**YOUR OBJECTIVE:**
Only the lines from the one holding "The Captain's Log" to the end of the data should be echoed, exactly as they appear, minus the pictures.

----- DATA BELOW -----

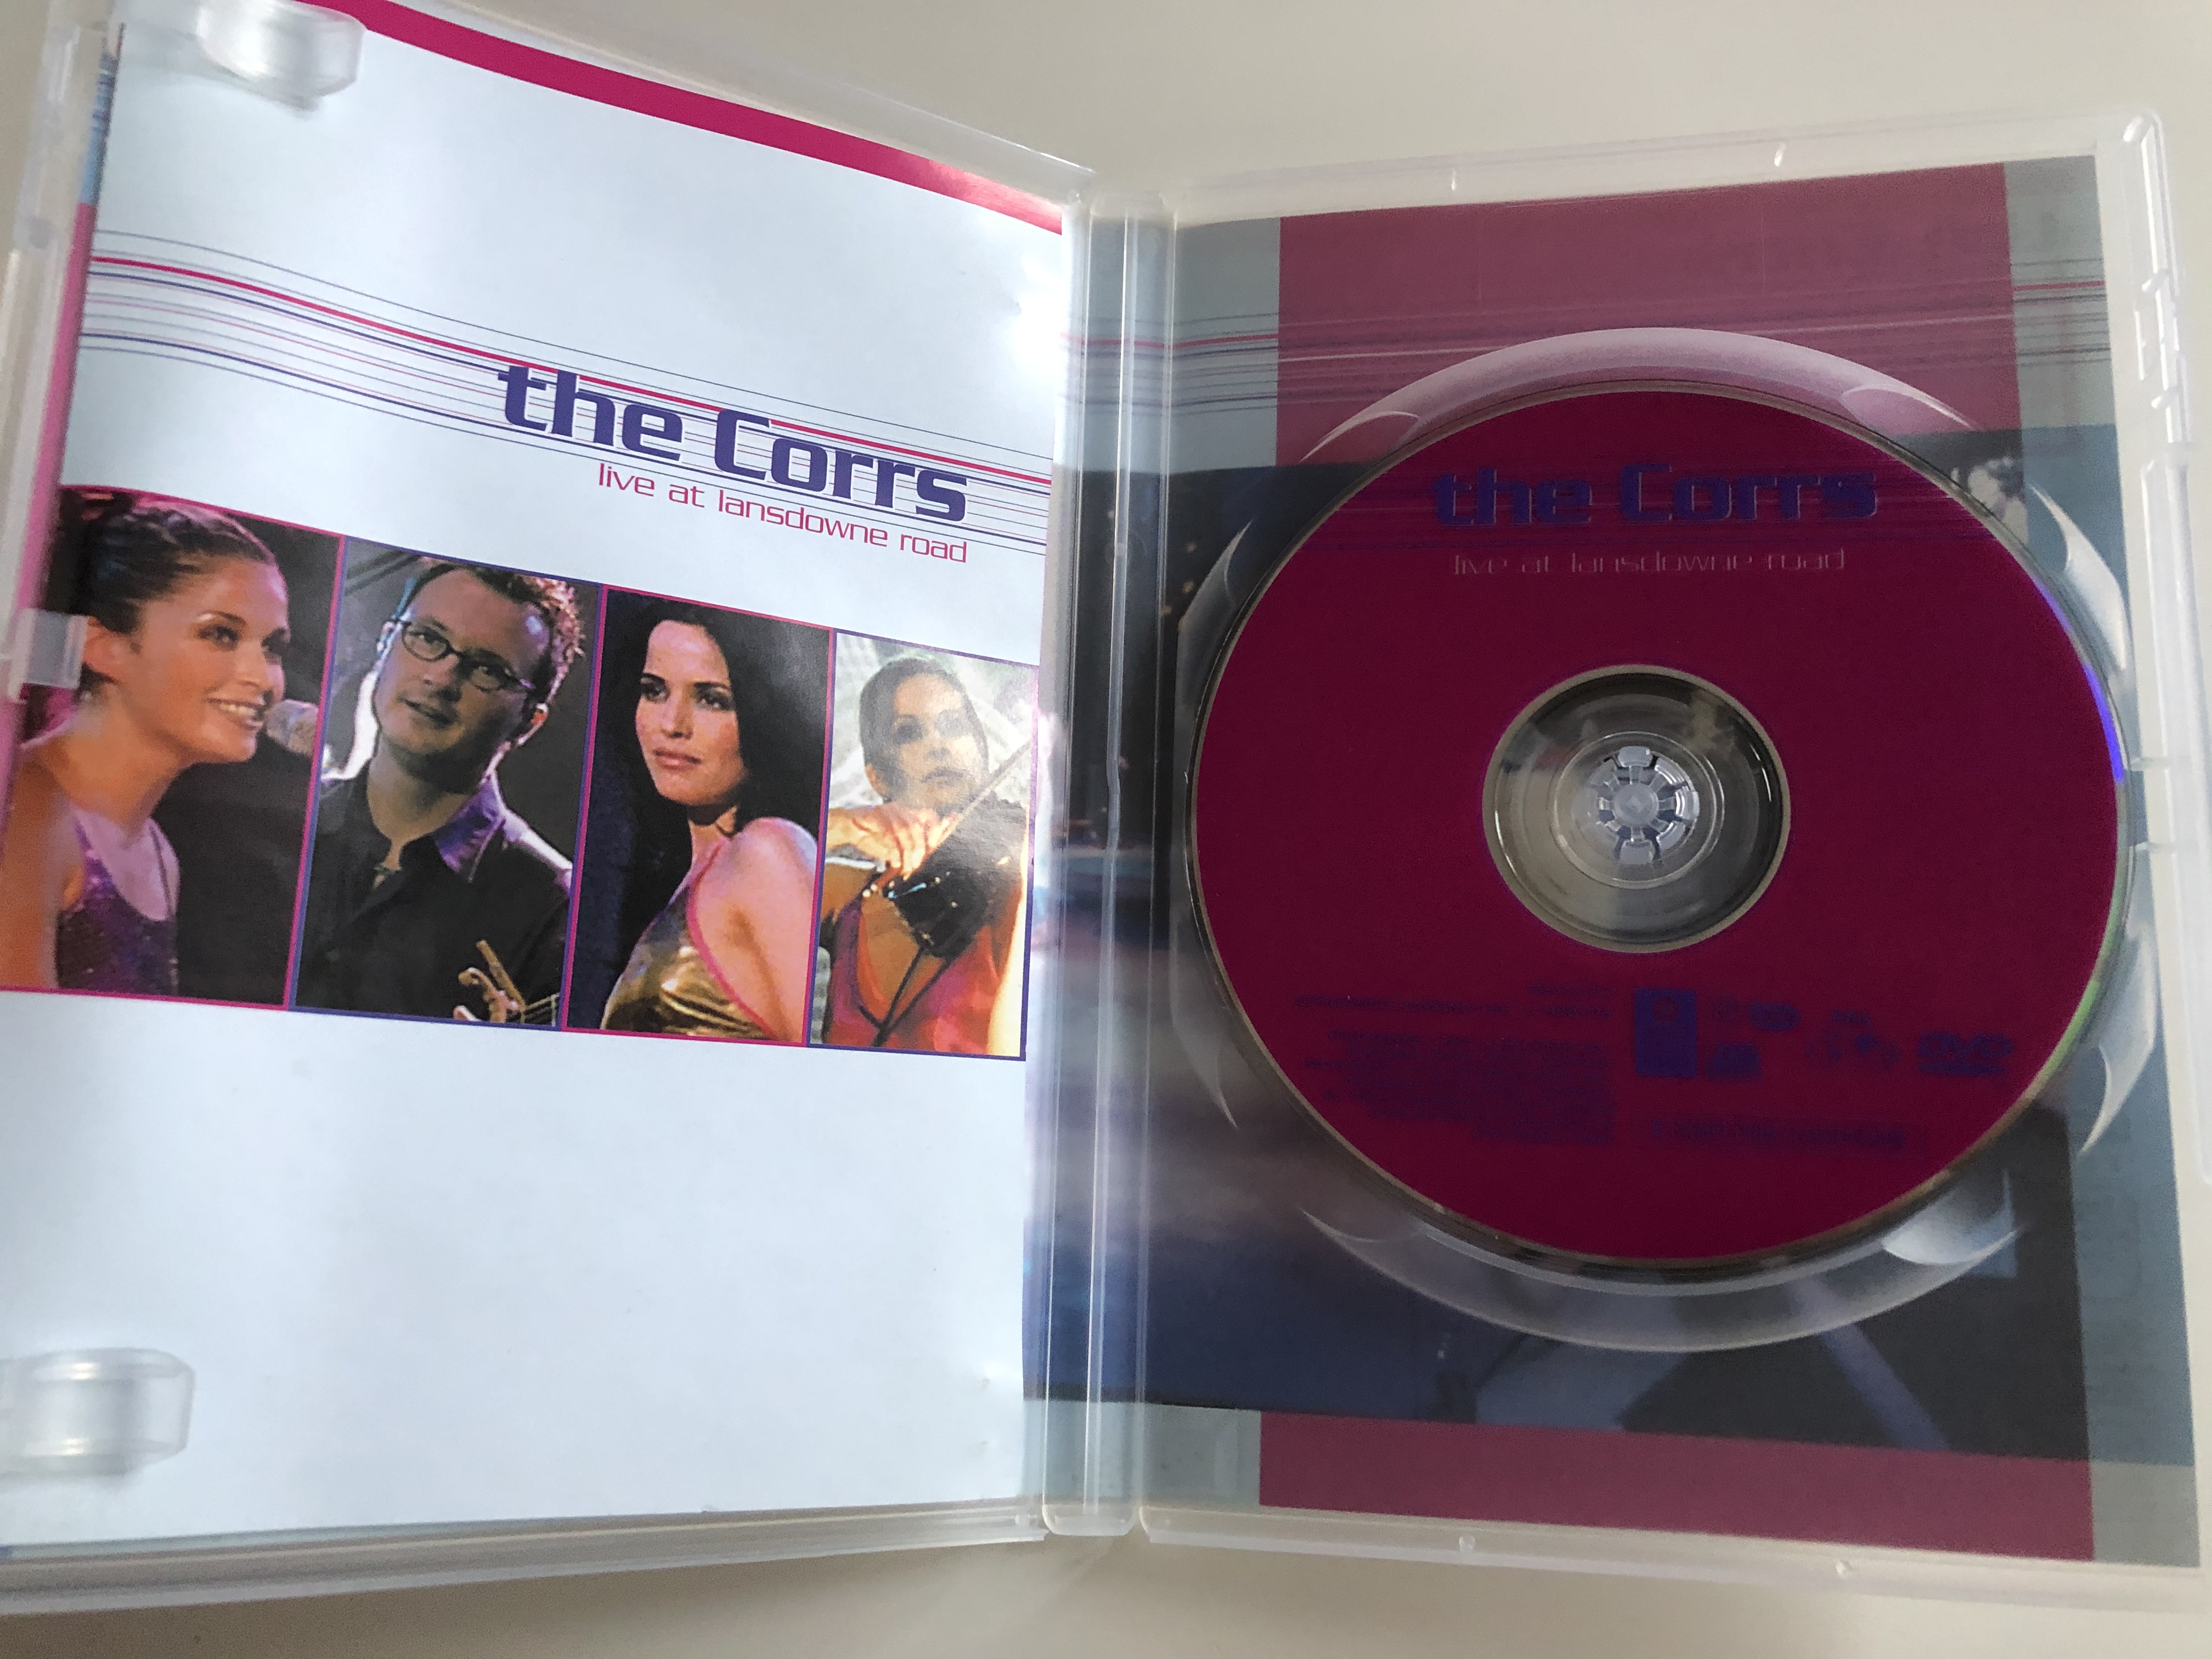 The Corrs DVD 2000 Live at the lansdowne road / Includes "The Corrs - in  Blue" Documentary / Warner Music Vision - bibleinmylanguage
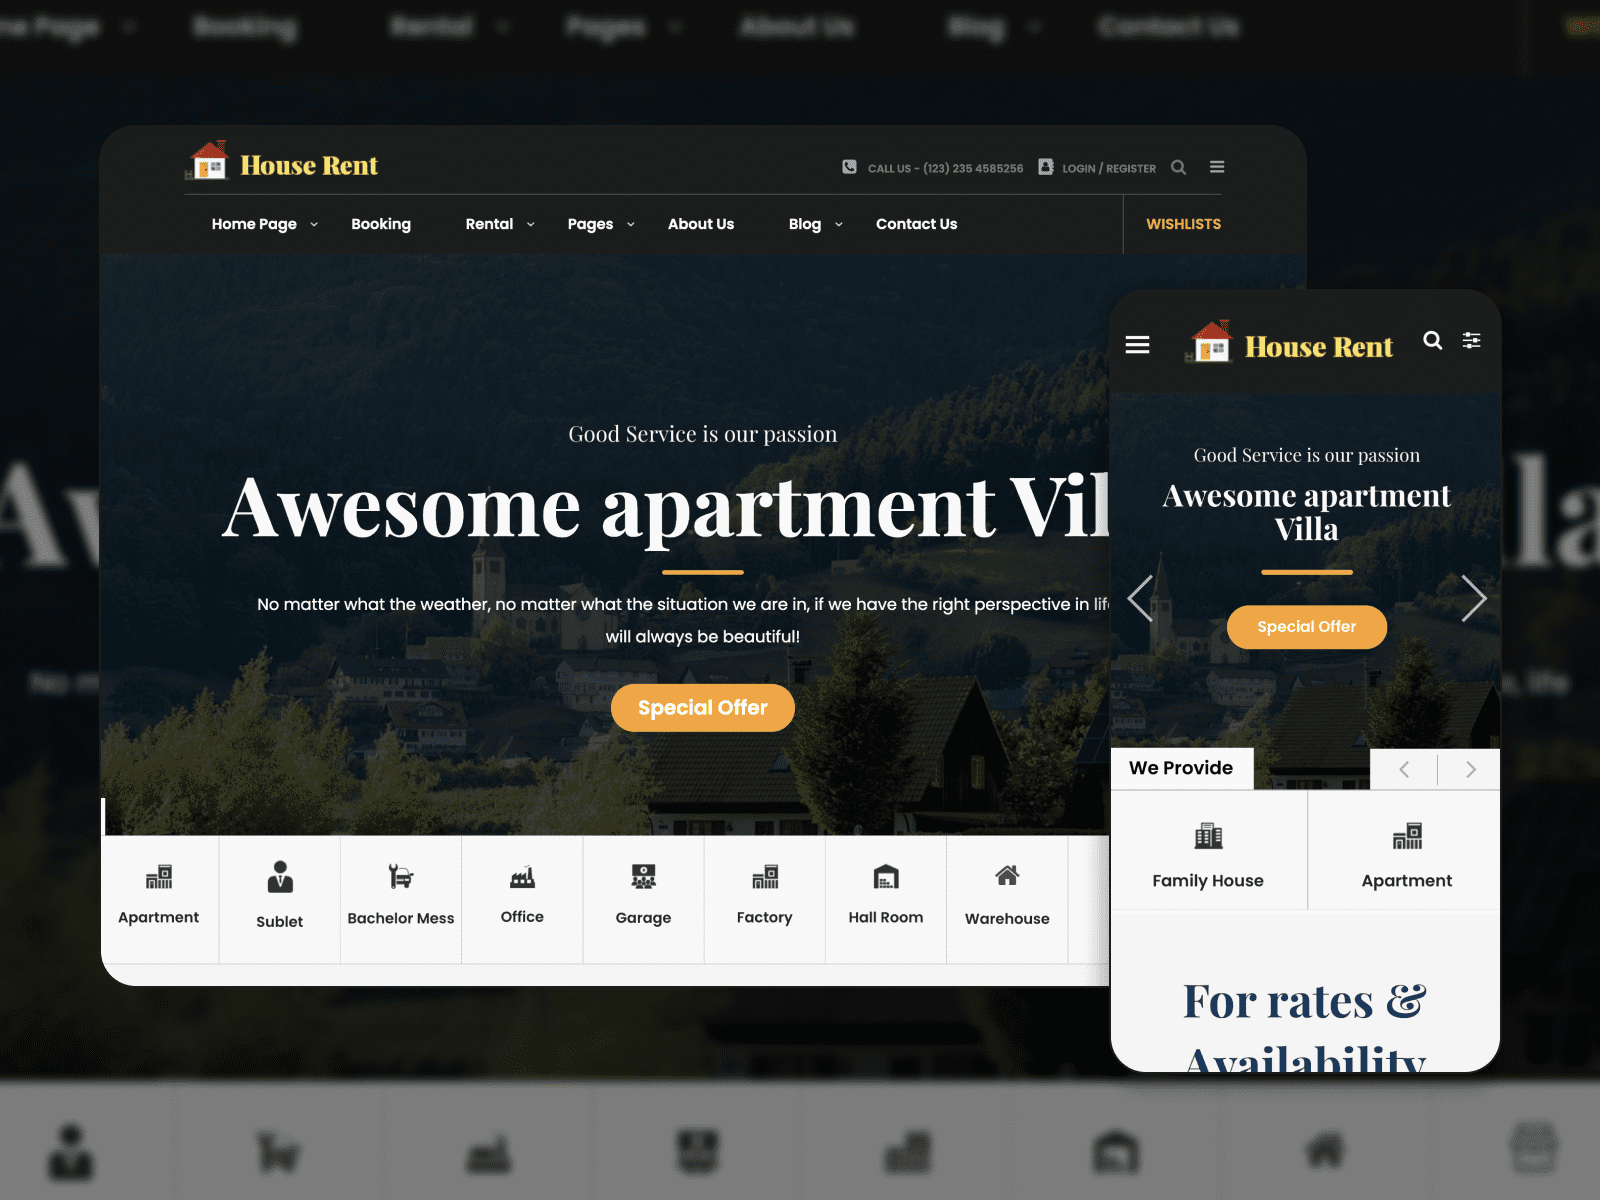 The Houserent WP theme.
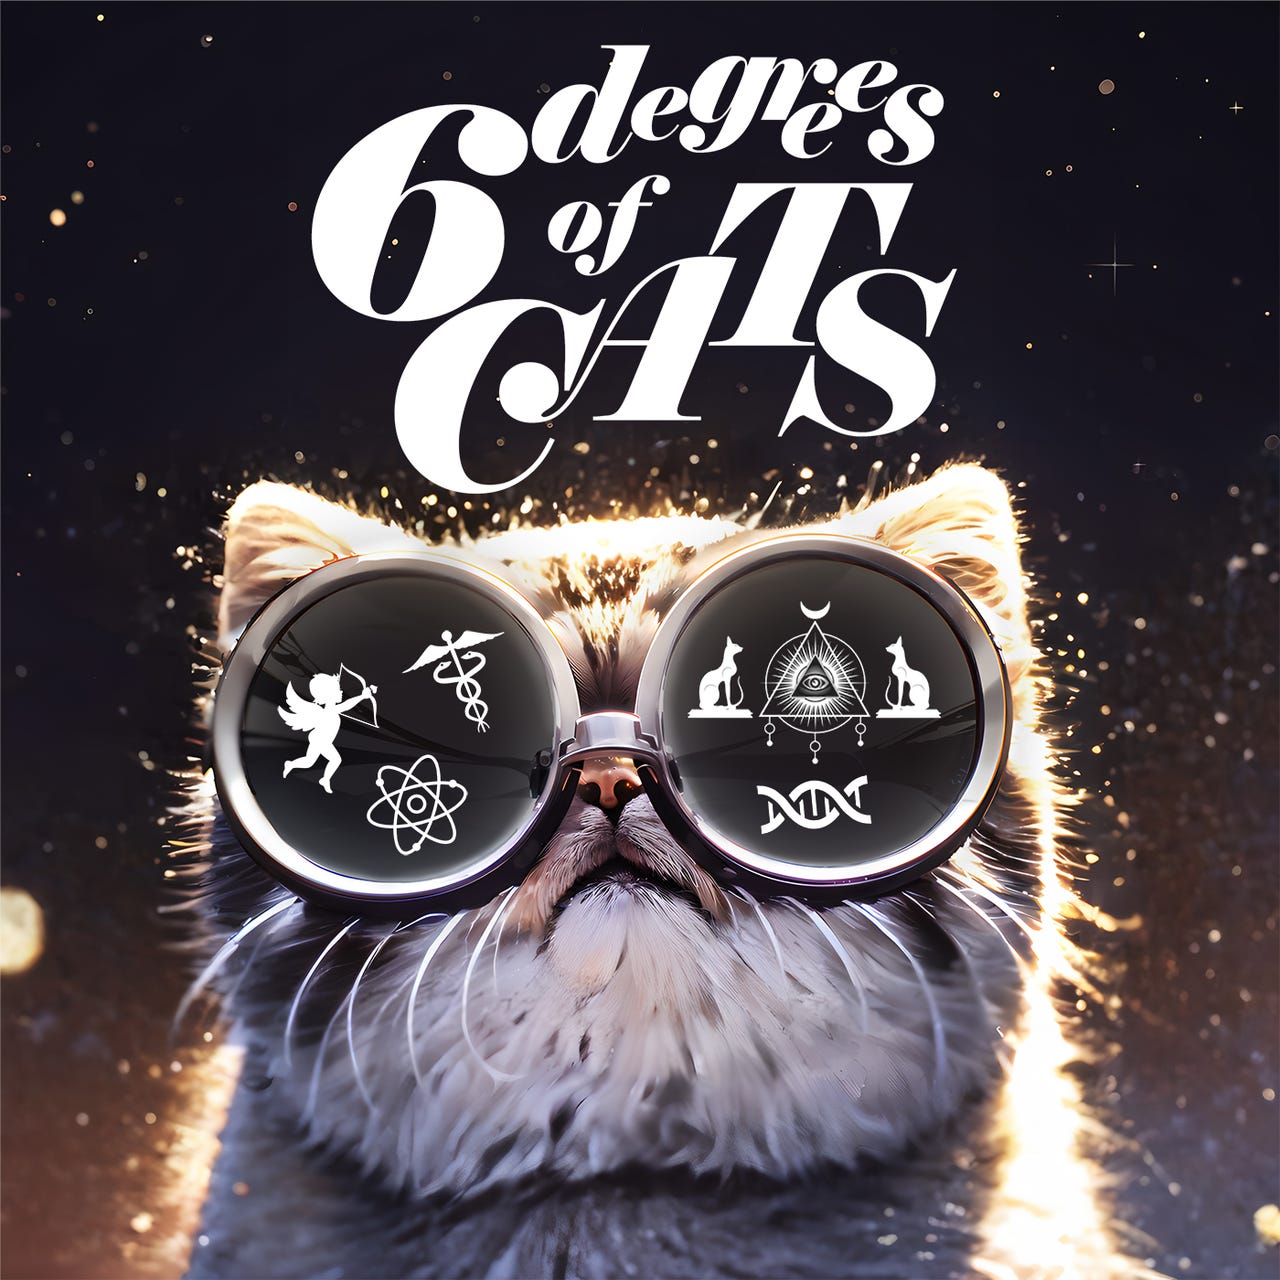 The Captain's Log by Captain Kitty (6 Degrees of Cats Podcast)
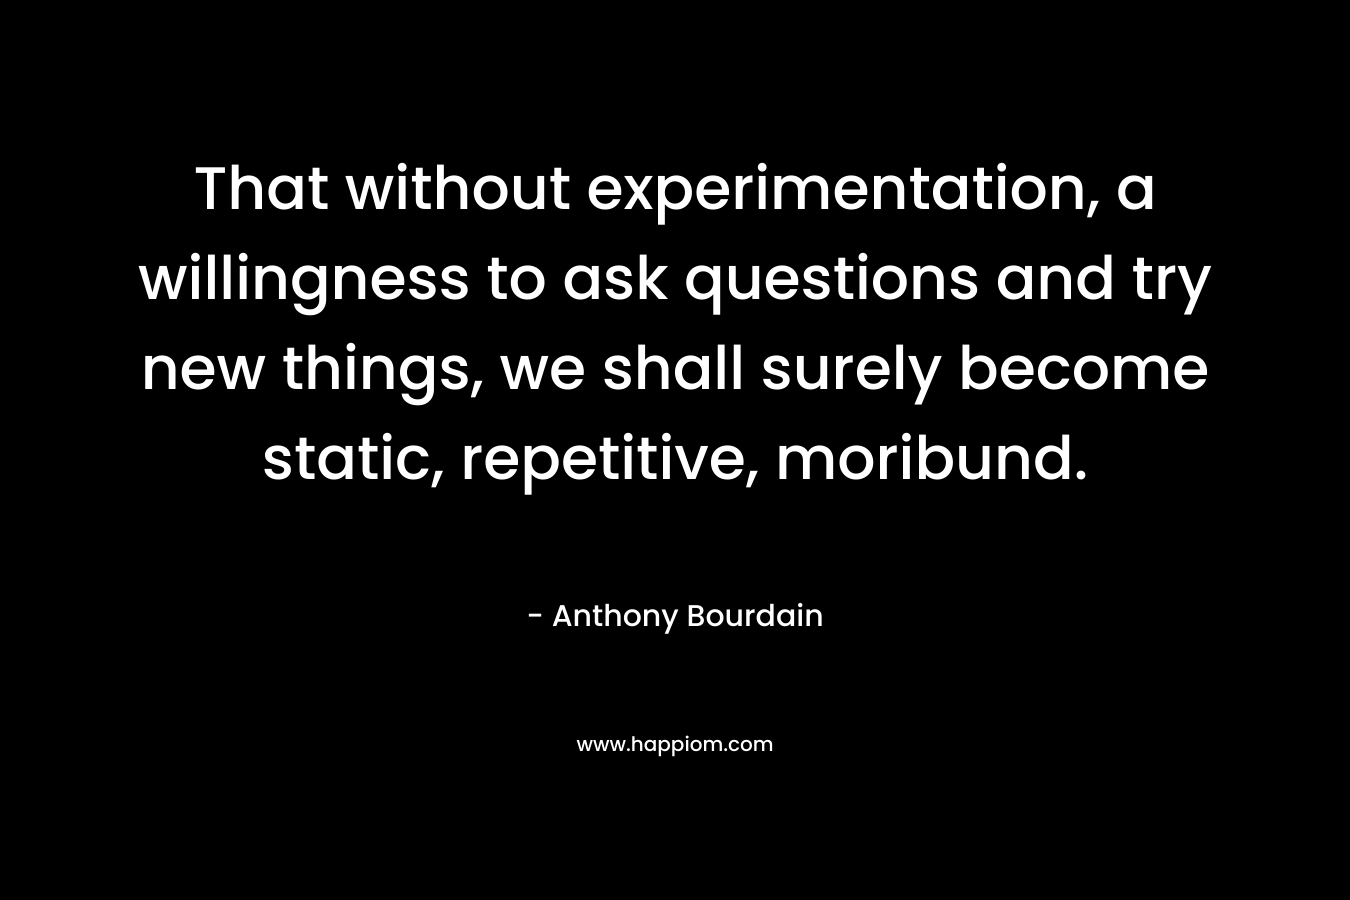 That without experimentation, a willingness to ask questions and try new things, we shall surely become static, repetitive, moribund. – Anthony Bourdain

-----

**COMPLETED TASK:**
 The Captain's Log by Captain Kitty (6 Degrees of Cats Podcast)
 That without experimentation, a willingness to ask questions and try new things, we shall surely become static, repetitive, moribund. – Anthony Bourdain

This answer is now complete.